Aligning large language models (LLMs) with human preference has recently
gained tremendous attention, with the canonical yet costly RLHF-PPO and the
simple and straightforward Direct Preference Optimization (DPO) as two
examples. Despite the efficiency, DPO has rarely be used in the
state-of-the-art production-level LLMs, implying its potential pathologies. In
this work, we revisit DPO with a comprehensive examination of its empirical
efficacy and a systematic comparison with RLHF-PPO. We identify the
\textbf{3D}-properties of DPO's learning outcomes: the \textbf{D}rastic drop in
the likelihood of rejected responses, the \textbf{D}egradation into LLM
unlearning, and the \textbf{D}ispersion effect on unseen responses through
experiments with both a carefully designed toy model and practical LLMs on
tasks including mathematical problem-solving and instruction following. These
findings inherently connect to some observations made by related works and we
additionally contribute a plausible theoretical explanation for them.
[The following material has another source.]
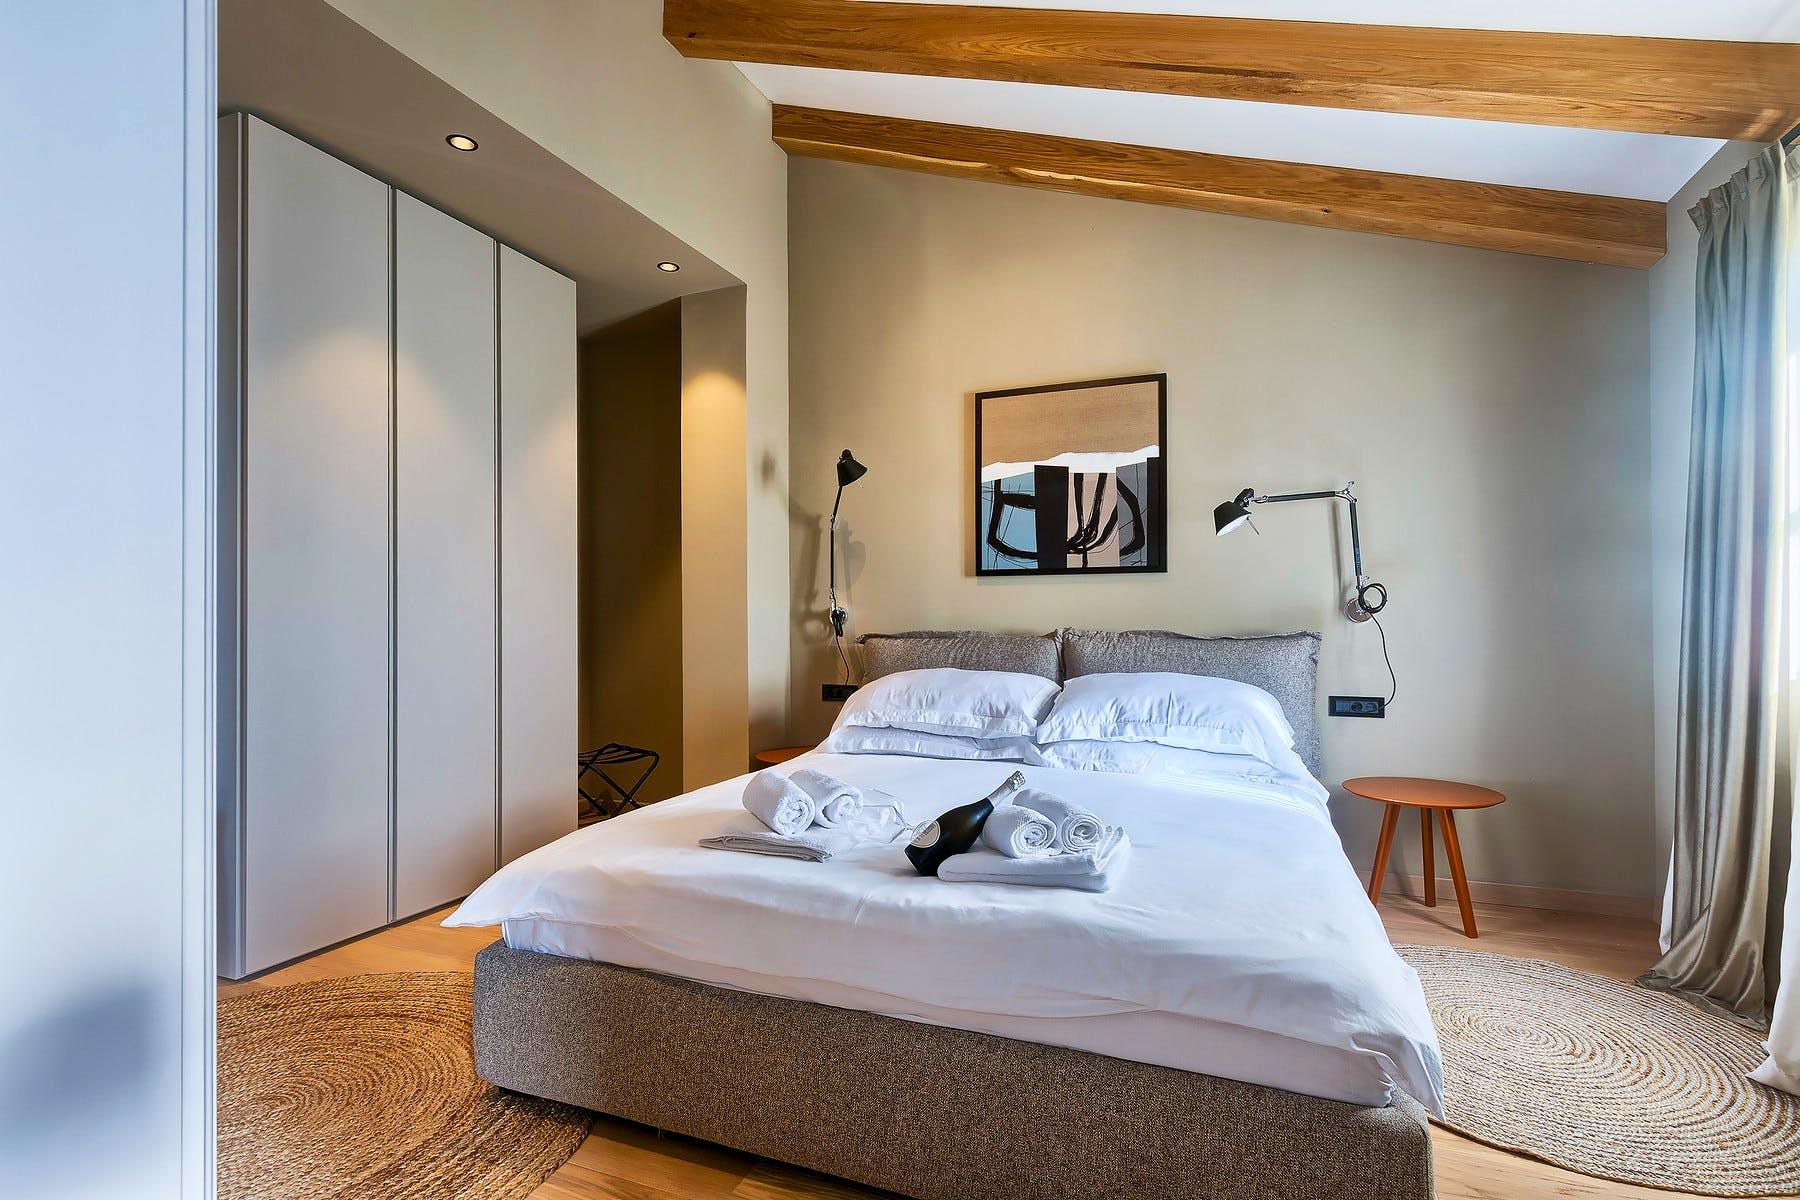 Spavaća soba za dvije osobe s pripadajućom kupaonicom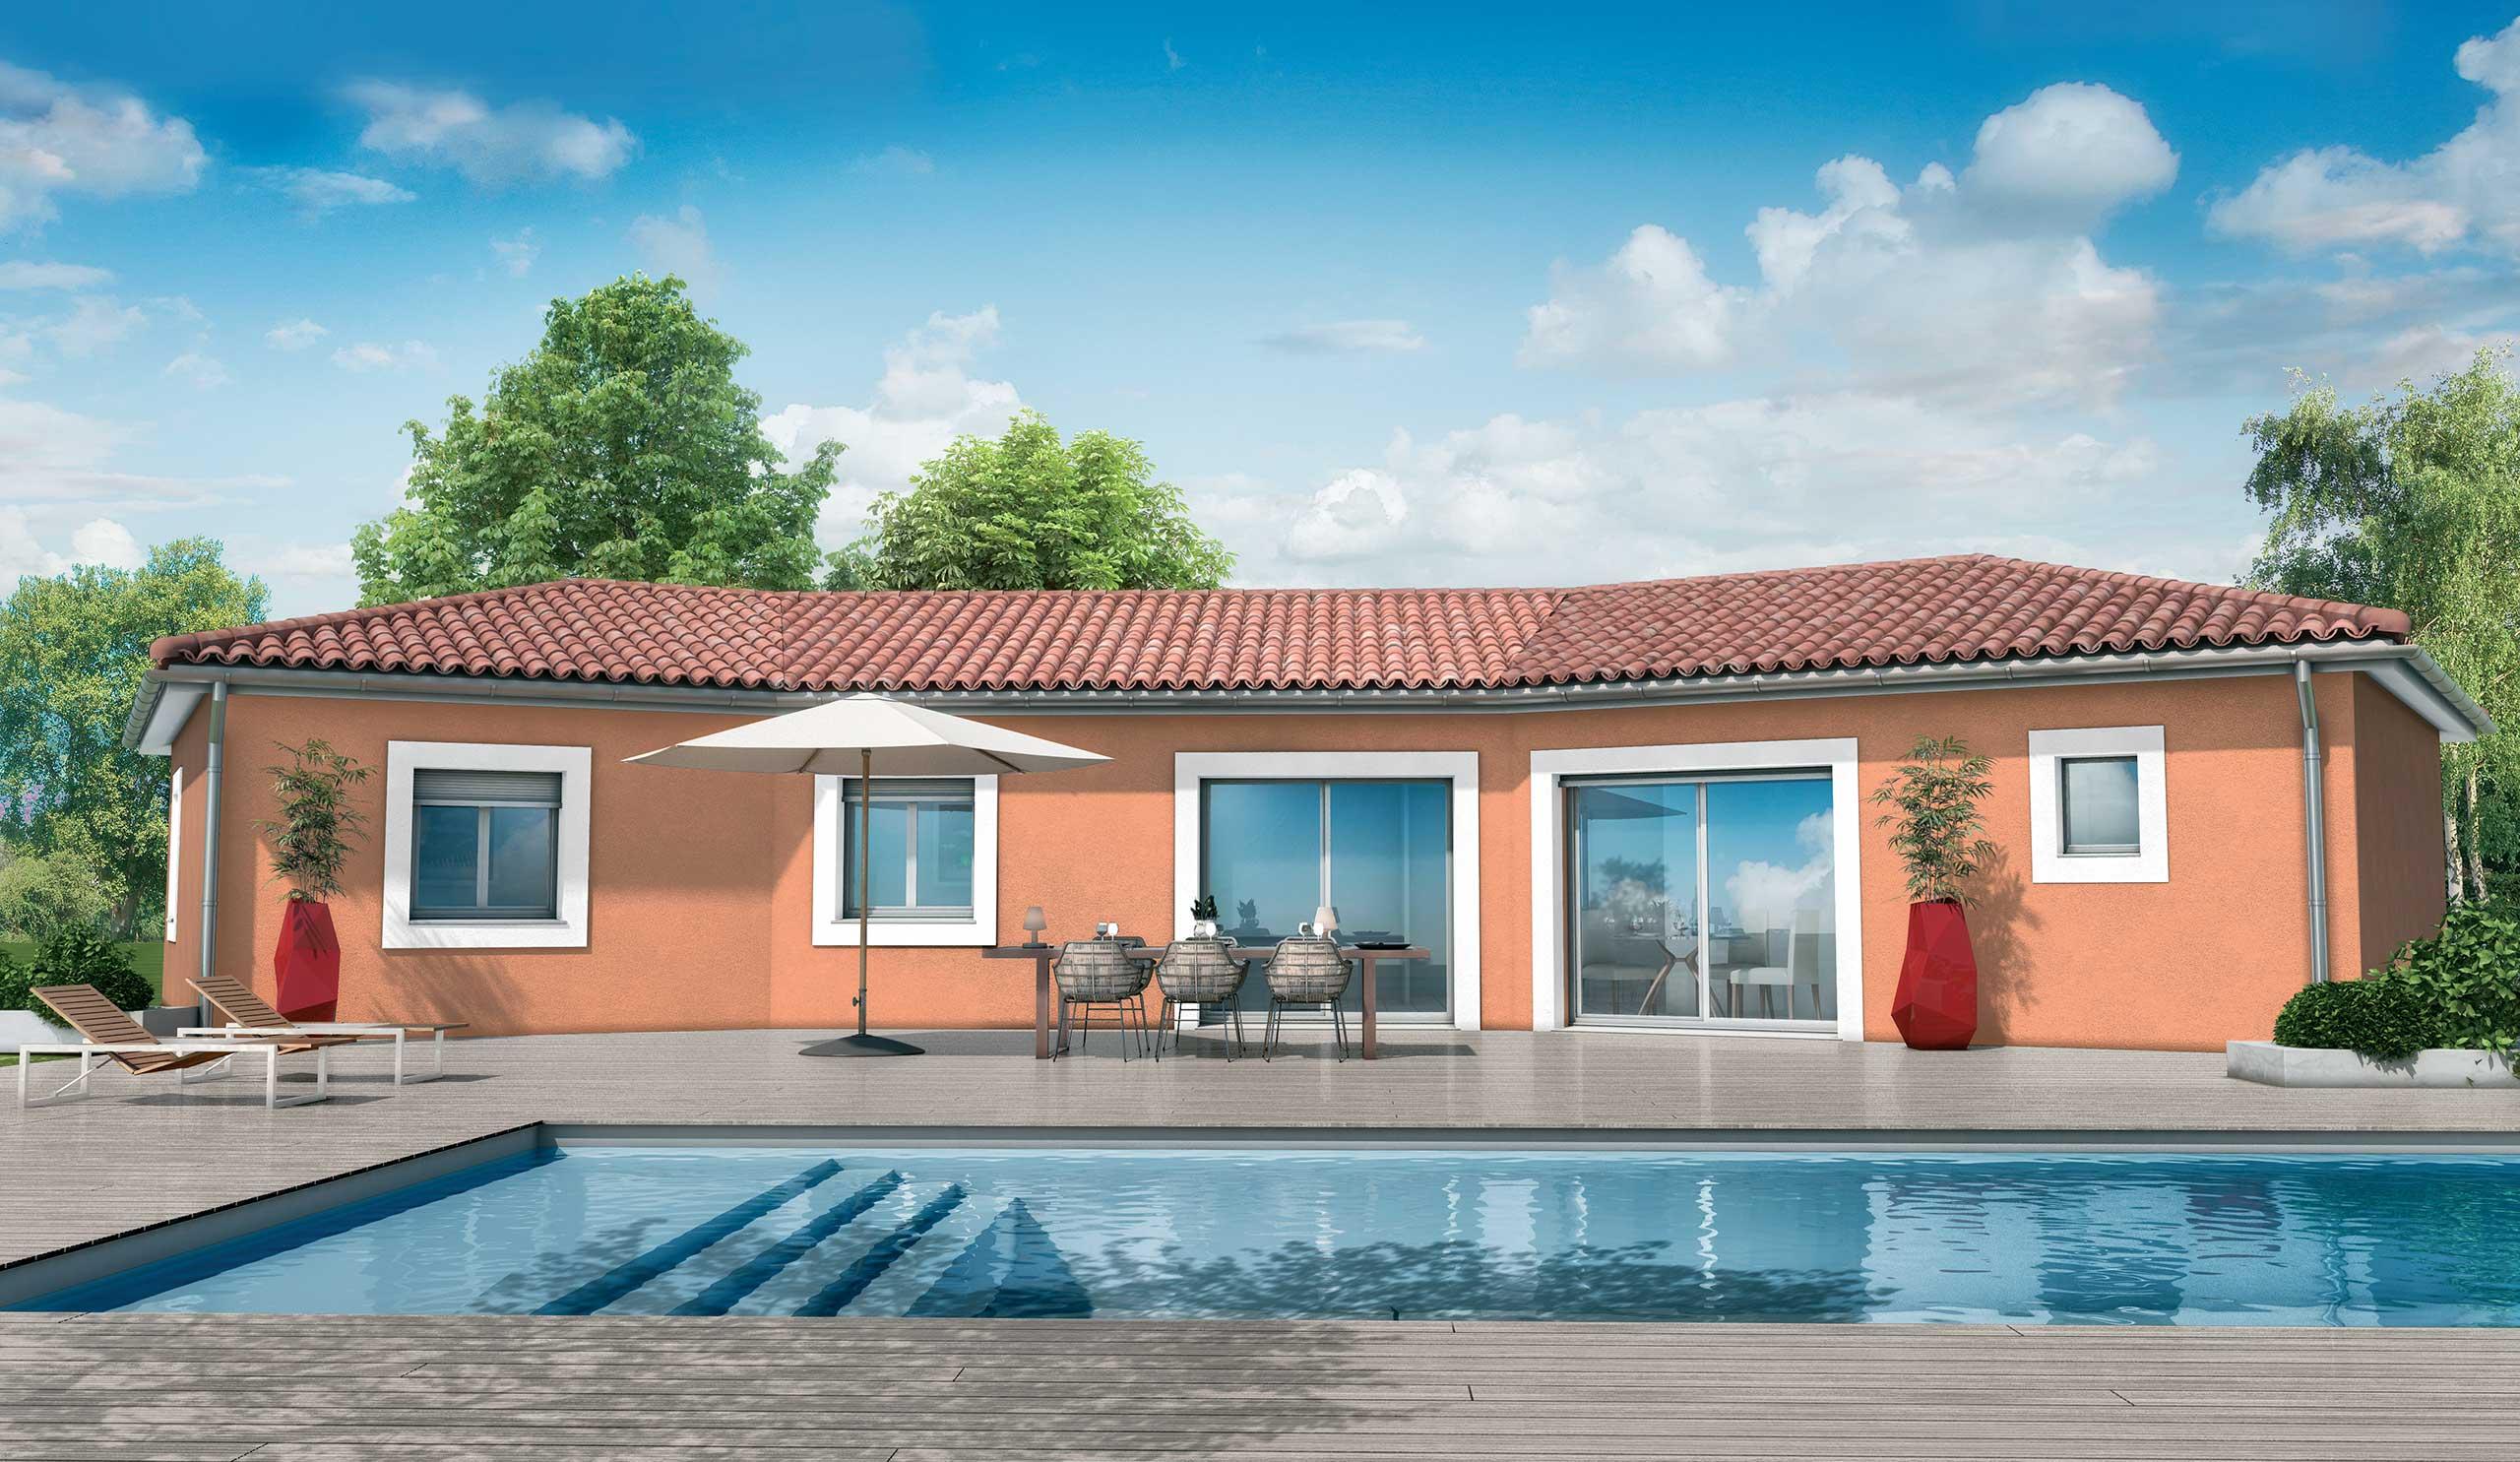 maison modèle de maison cèdre : une maison au design méditerranéen

Accordingly, we propose easy regularization methods to mitigate the issues
caused by \textbf{3D}-properties, improving the training stability and final
performance of DPO. Our contributions also include an investigation into how
the distribution of the paired preference data impacts the effectiveness of
DPO. We hope this work could offer research directions to narrow the gap
between reward-free preference learning methods and reward-based ones.

通过对 Direct Preference Optimization（DPO）的实证研究和与 RLHF-PPO 的系统比较，我们发现 DPO 的三个学习结果特征，即被拒绝回应的概率剧烈下降、LLM 的退化以及对未见回应的扩散效应。在此基础上，我们提出了简单的正则化方法来缓解这些问题，提高 DPO 的训练稳定性和最终性能，同时研究配对偏好数据分布对 DPO 效果的影响。希望本研究能够为缩小无奖偏好学习方法和基于奖励学习方法之间的差距提供研究方向。